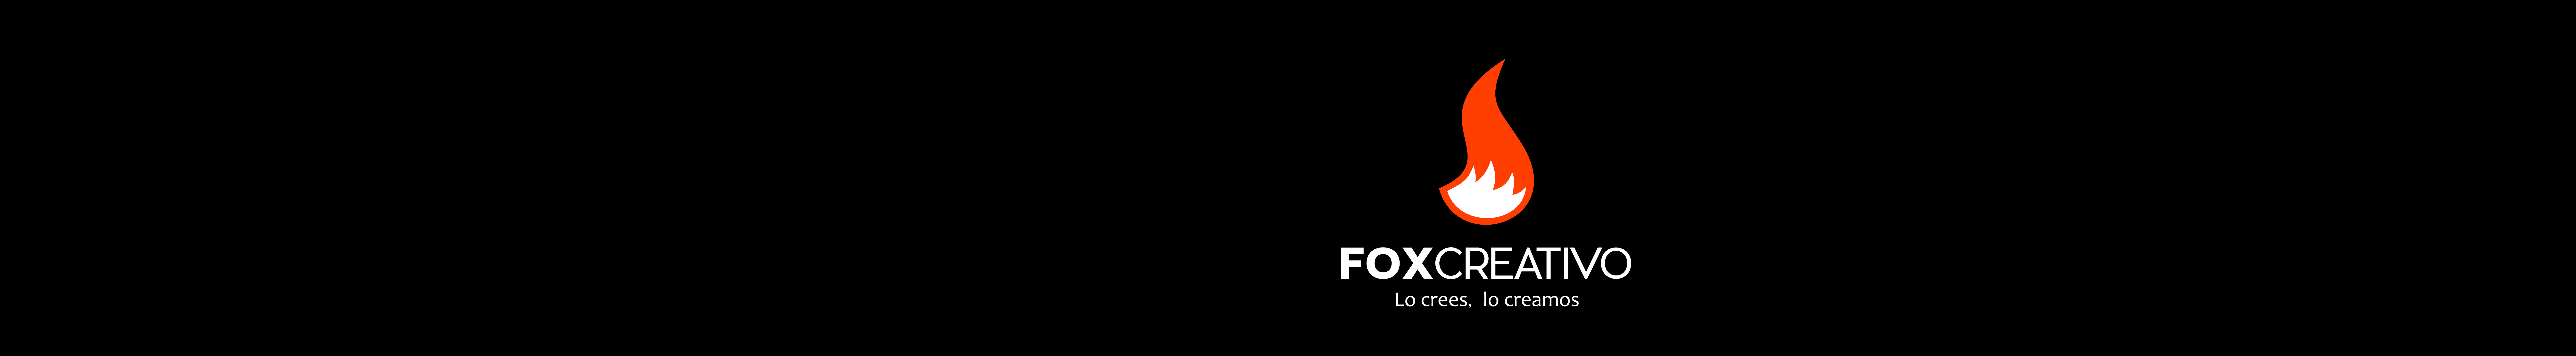 Fox Creativo's profile banner
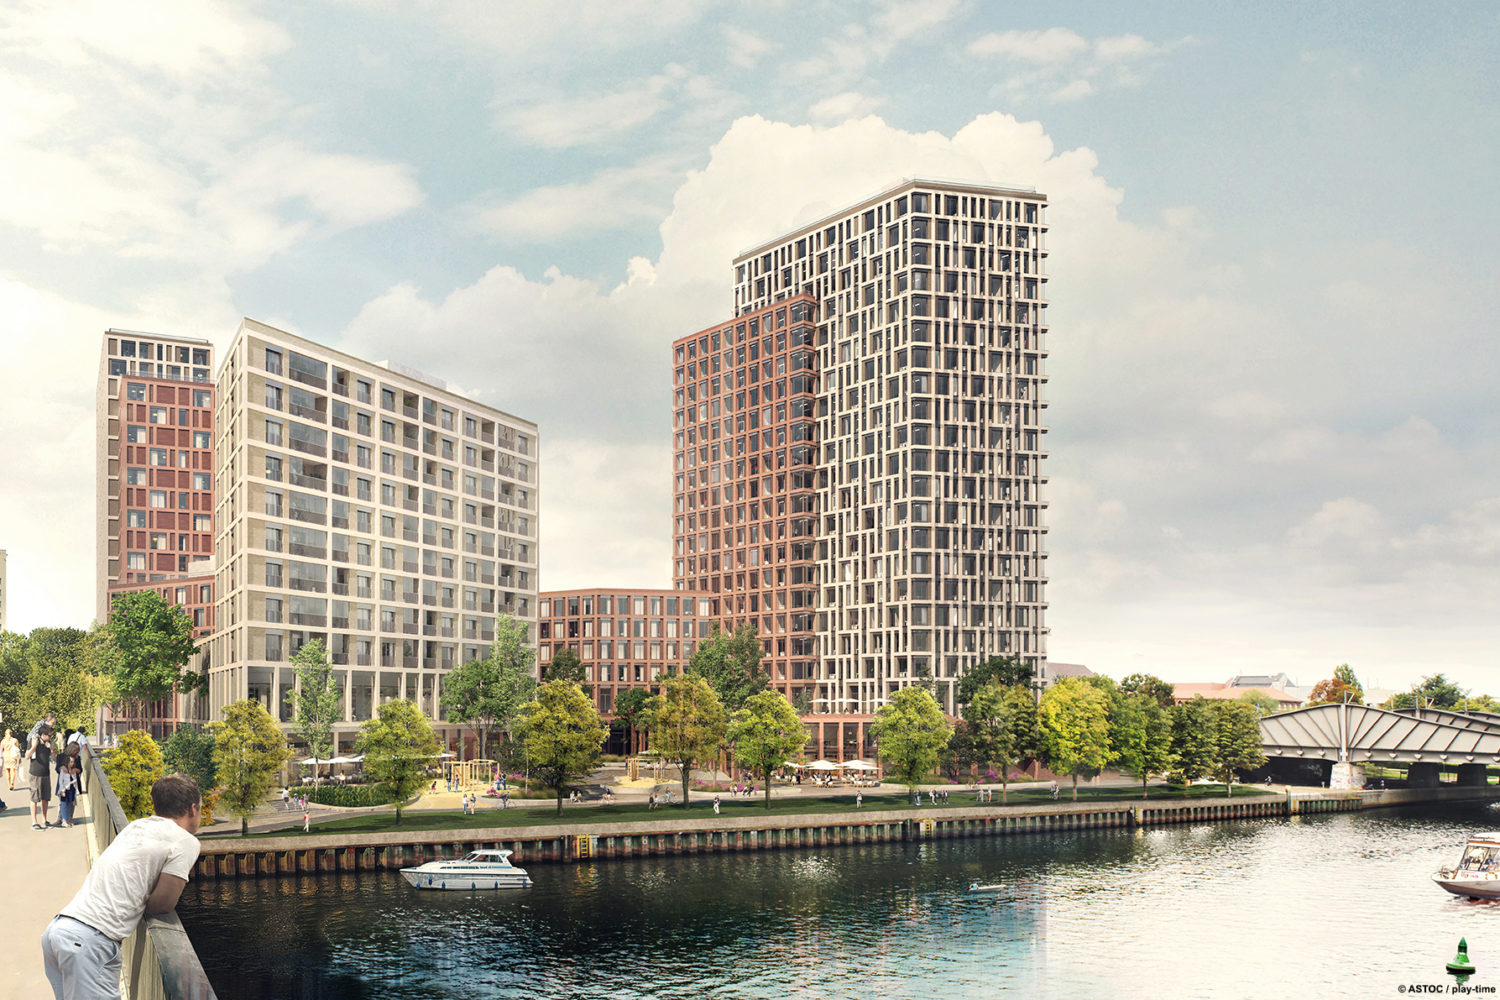 Bauprojekte Berlin: Urban in Spandau, so soll das neue Quartier am Havelufer aussehen. Foto: Astoc/Playtime
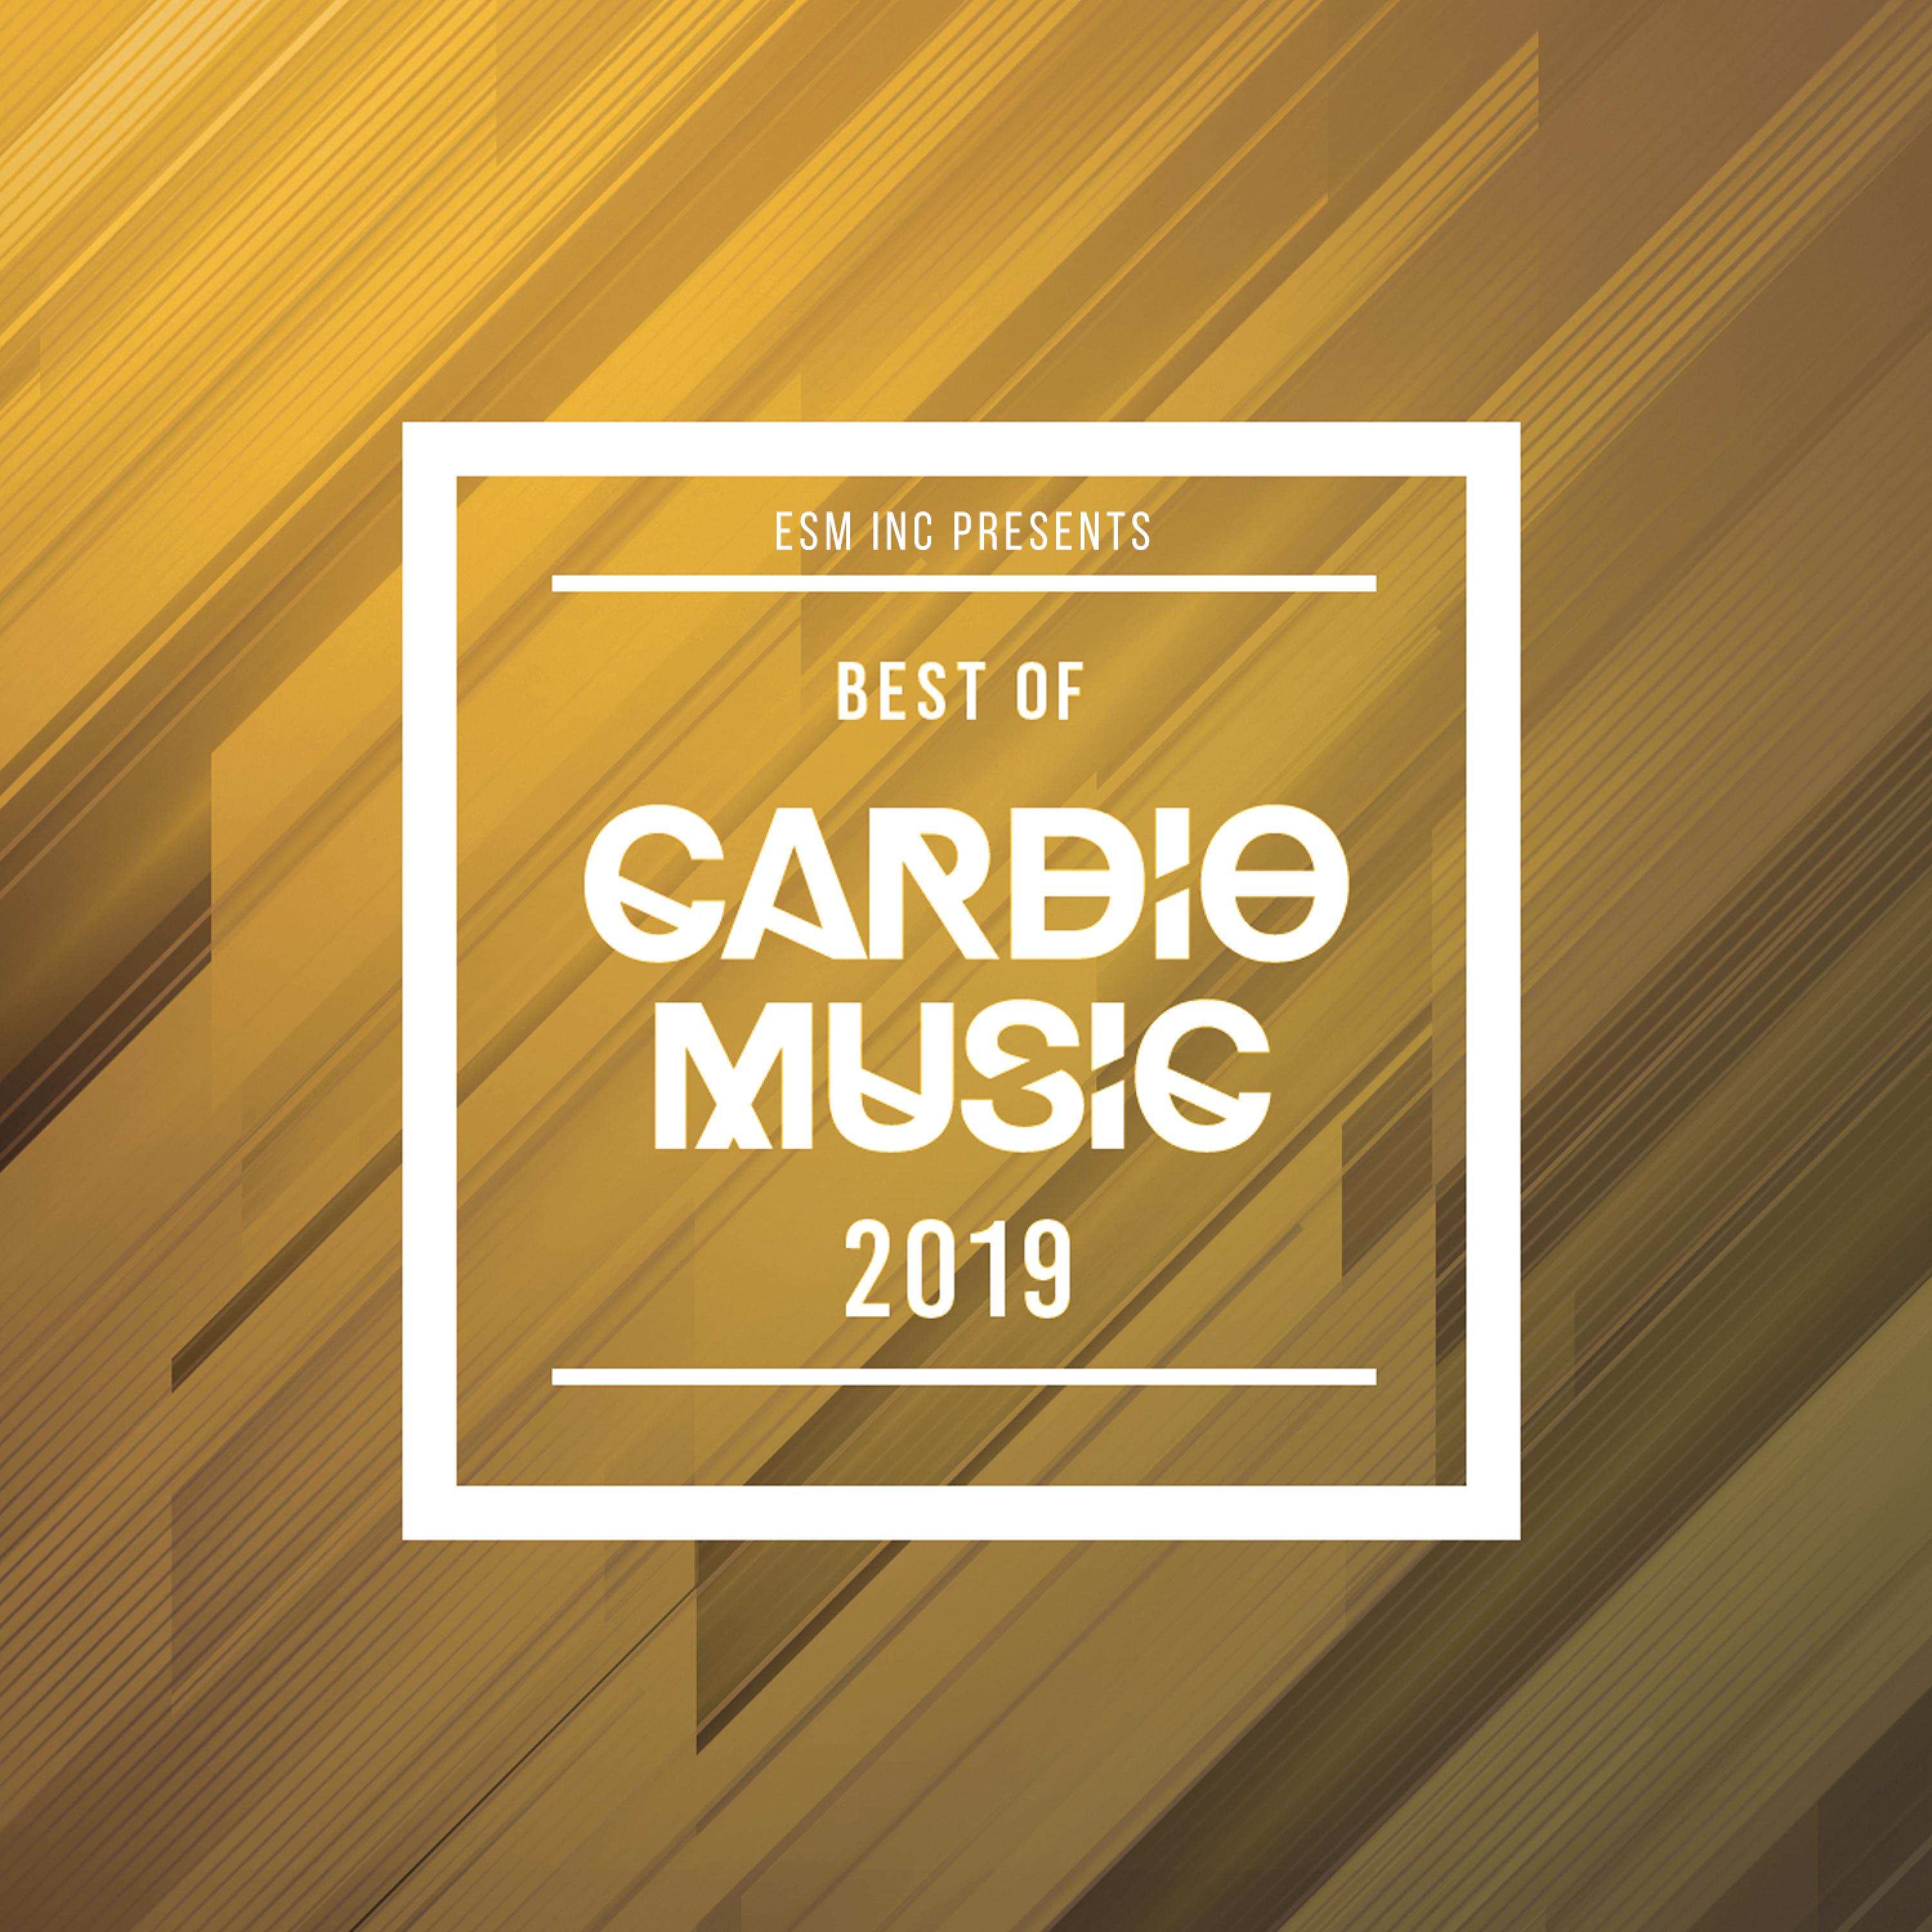 Best of Cardio Music 2019
- - - - -
* TASK DIRECTIONS *
Copy every line above word for word and exclude the pictures.

* RESULT OF THIS TASK *
 Fox Creativo's profile banner
 Bauprojekte Berlin: Urban in Spandau, so soll das neue Quartier am Havelufer aussehen. Foto: Astoc/Playtime
 Best of Cardio Music 2019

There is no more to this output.